HEADLINE

Jays ace Ryu will try to even series with Rays

Field Level Media

September 30, 2020 at 2:36 am.

Toronto Blue Jays pitcher Hyun-Jin Ryu finds himself right back at the same place and in another big moment as when the regular season started.

The team’s top offseason acquisition will take the mound Wednesday in Game 2 of the American League first-round series against Tampa Bay with the rival Rays holding a 1-0 lead.

The second contest in the best-of-three series has a 4 p.m. (TBS) first pitch in St. Petersburg, Fla.

Blake Snell and three relievers shut down Toronto’s high-powered offense Tuesday’s series opener, 3-1 — holding the visitors to five hits — and the Blue Jays hope Ryu can level the short series.

Though new to the AL after pitching six seasons for the Los Angeles Dodgers in the National League, Ryu has become familiar with Tropicana Field in St. Petersburg.

Tabbed by manager Charlie Montoyo as the Opening Day starter, Ryu got a no-decision on July 24 after pitching 4 2/3 innings and allowing three runs in Toronto’s 6-4 victory.

He returned there Aug. 22 and worked five strong innings — allowing three hits and one run with six strikeouts — and received another no-decision as Toronto lost 2-1 in 10 innings.

The Blue Jays signed Ryu to a four-year, $80-million contract in the offseason, hoping the 2019 NL ERA leader would serve as the anchor for a spotty pitching staff on a club built around rising young stars.

Ryu (5-2, 2.69 ERA) slid right in at the top of the rotation and helped lift the Blue Jays (32-28) to a third-place finish in the AL East behind the Rays and New York Yankees.
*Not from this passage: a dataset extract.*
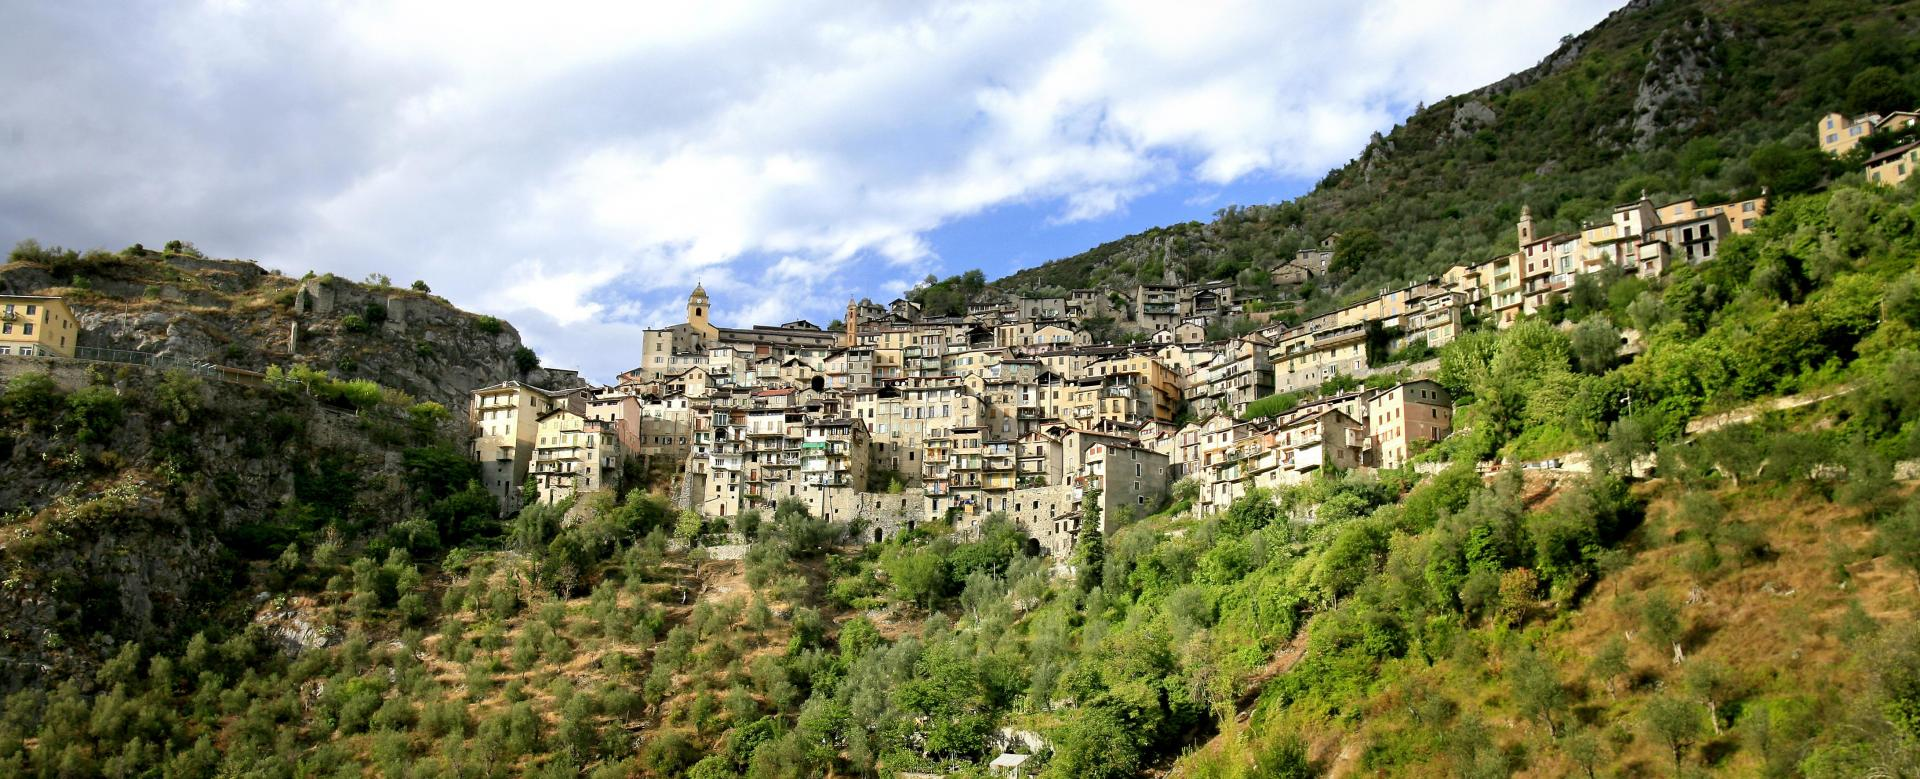 Image Les villages perchés de la roya

In a surprising move, Montoyo flipped the top two in his rotation — the South Korean southpaw and right-hander Matt Shoemaker — to open the series against the AL-best Rays, who went 40-20 during the abbreviated season.
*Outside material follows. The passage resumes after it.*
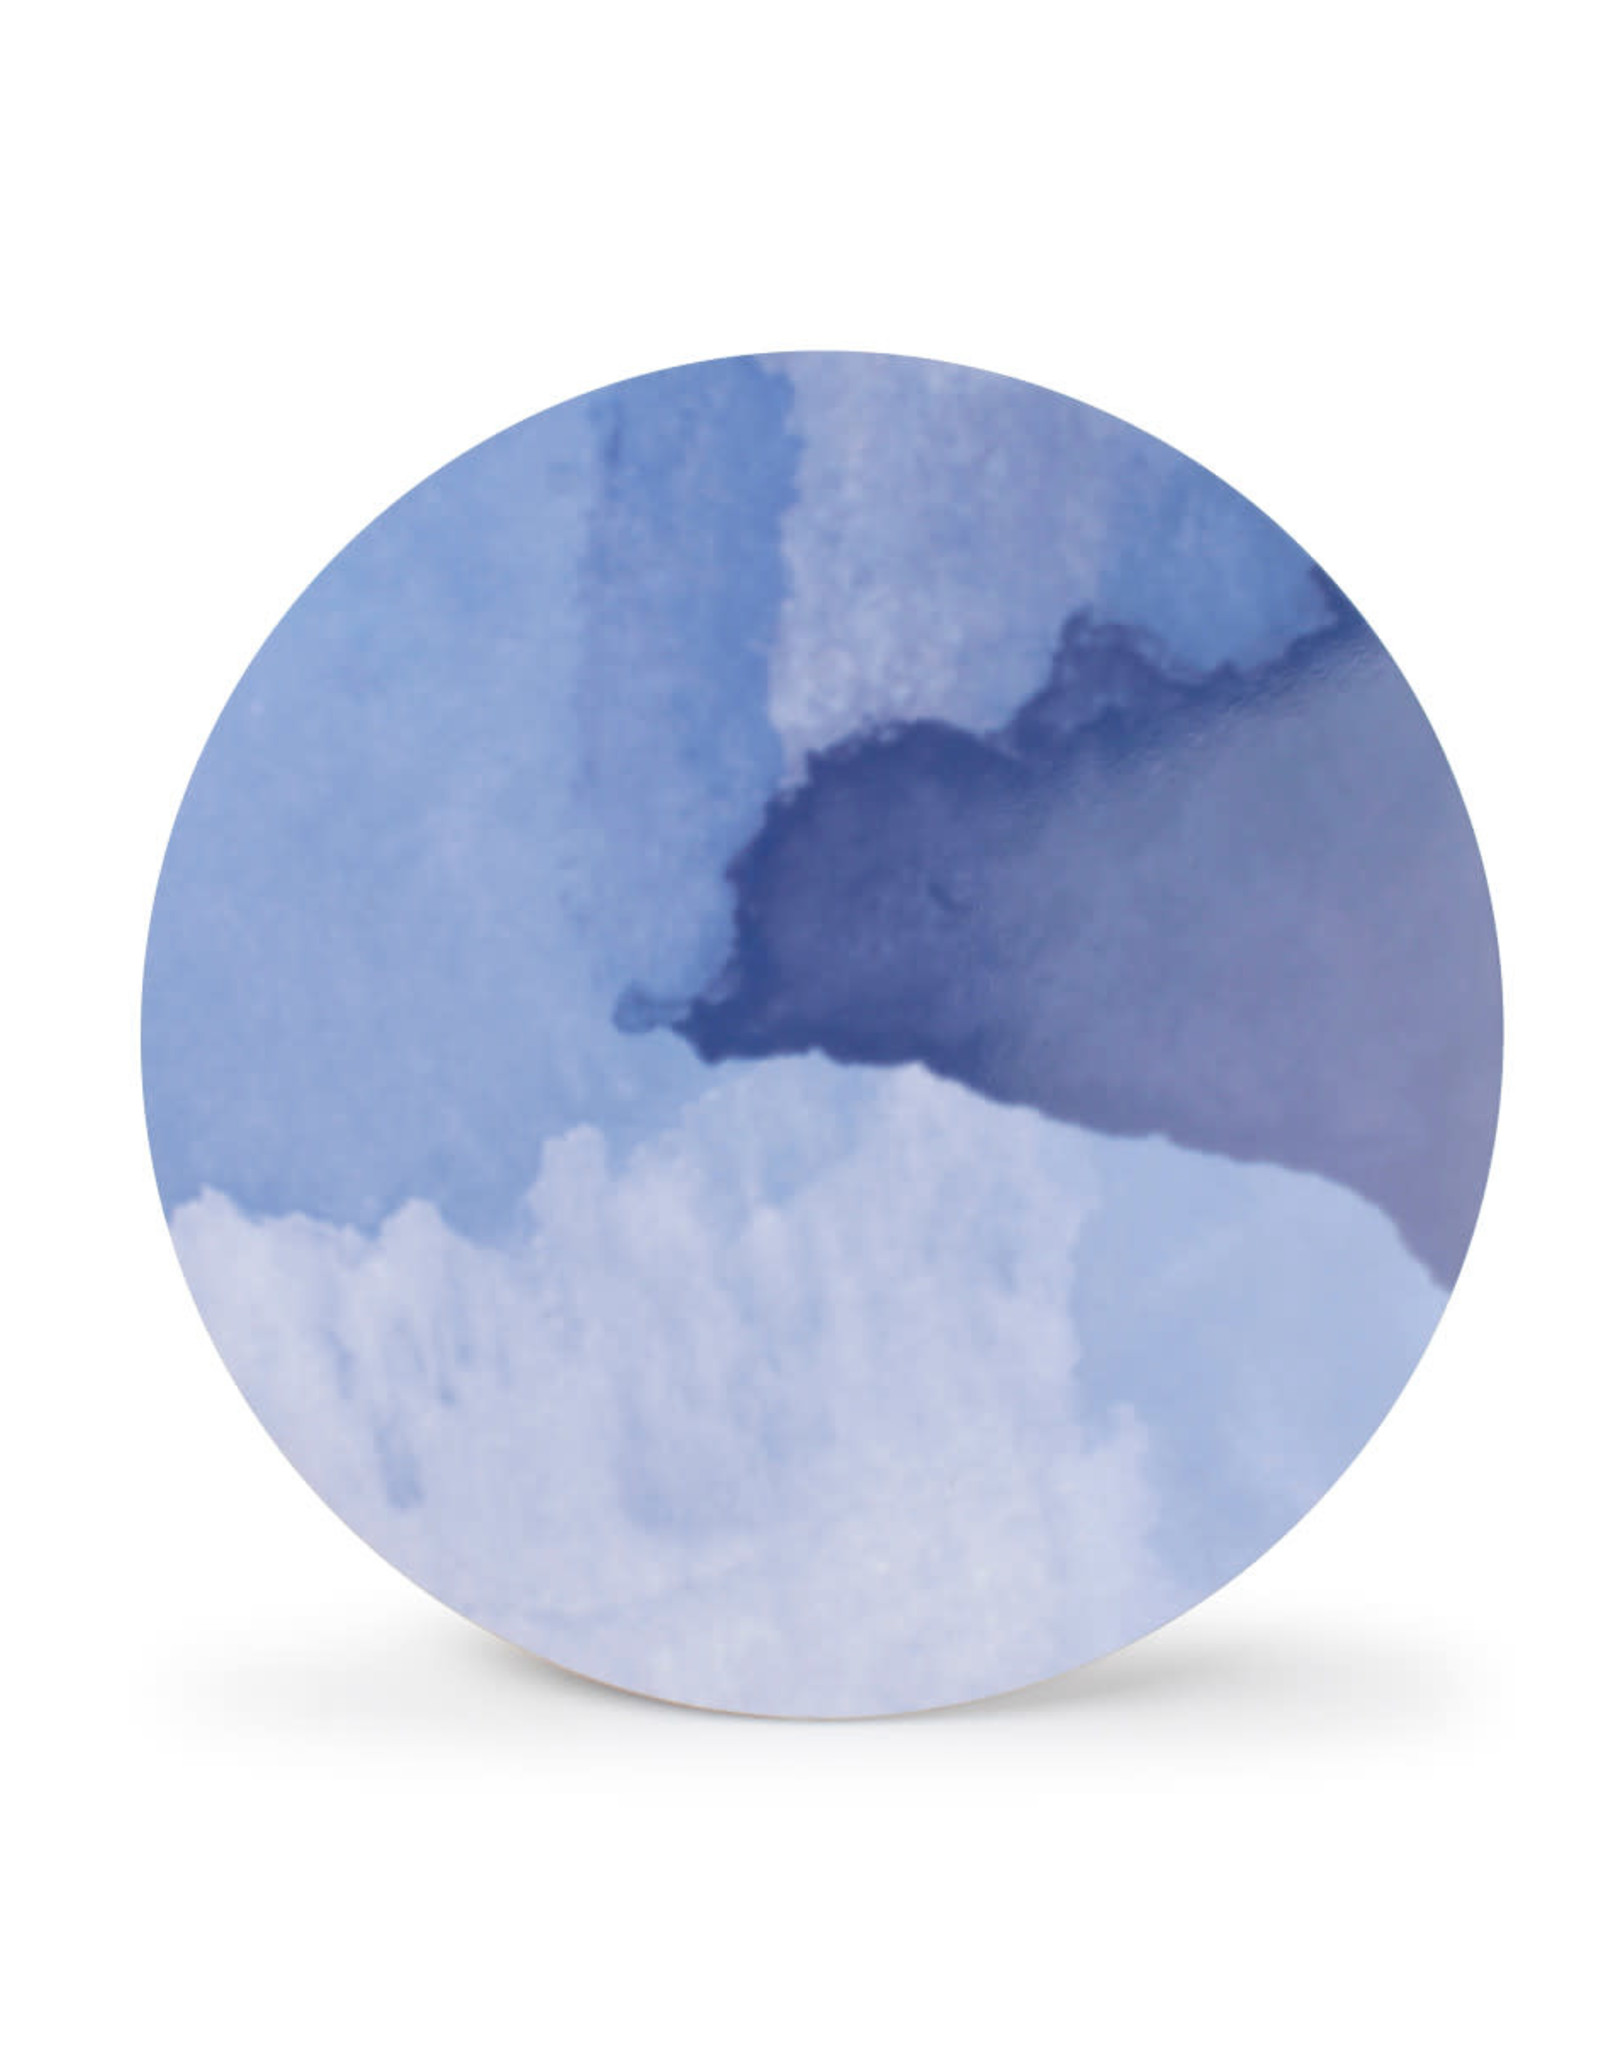 Placemat - Cloudy Sky

Ryu became the first Toronto starter to toss seven innings Thursday in a 4-1 win over the Yankees — a 100-pitch effort that put the club back into the playoffs for the first time since 2016.

“To be one of the best teams in baseball, we’re going to have to be creative,” Montoyo said Monday, “so we’re giving our ace an extra day off.”

Rays manager Kevin Cash will send out hard-throwing right-hander Tyler Glasnow (5-1, 4.08), who didn’t face the Blue Jays this season and is 0-2 with a 6.17 ERA in six career starts against them.

Glasnow was co-leader in victories among the Rays’ pitchers with at least five starts, as he and rookie Josh Fleming each recorded five, and the 6-foot-8 pitcher was simply overpowering much of the time with a high 90s fastball and nasty 12-6 curve. The California native notched two double-digit strikeout performances, fanning a season-high 13 over seven innings in a 4-2 win over Baltimore on Aug. 25. He also struck out eight or nine in six other starts.

Over his 11 outings, Glasnow whiffed 91 batters in 57 1/3 innings. His total ranked fourth in the AL behind Cleveland’s Shane Bieber (122), the White Sox’s Lucas Giolito (97) and New York’s Gerrit Cole (94). His strikeouts per nine innings (14.3) topped Bieber’s (14.2) but Glasnow didn’t work enough frames to qualify among the league leaders.

The Rays, who have won 41 games, have now held opposing clubs to two runs or fewer 22 times this season.

“You like to find ways to separate games at times,” said Cash, “but if you’re not, you’ve got to play really clean baseball. Tonight was a pretty good representation of the Tampa Bay Rays and how we go about winning games.”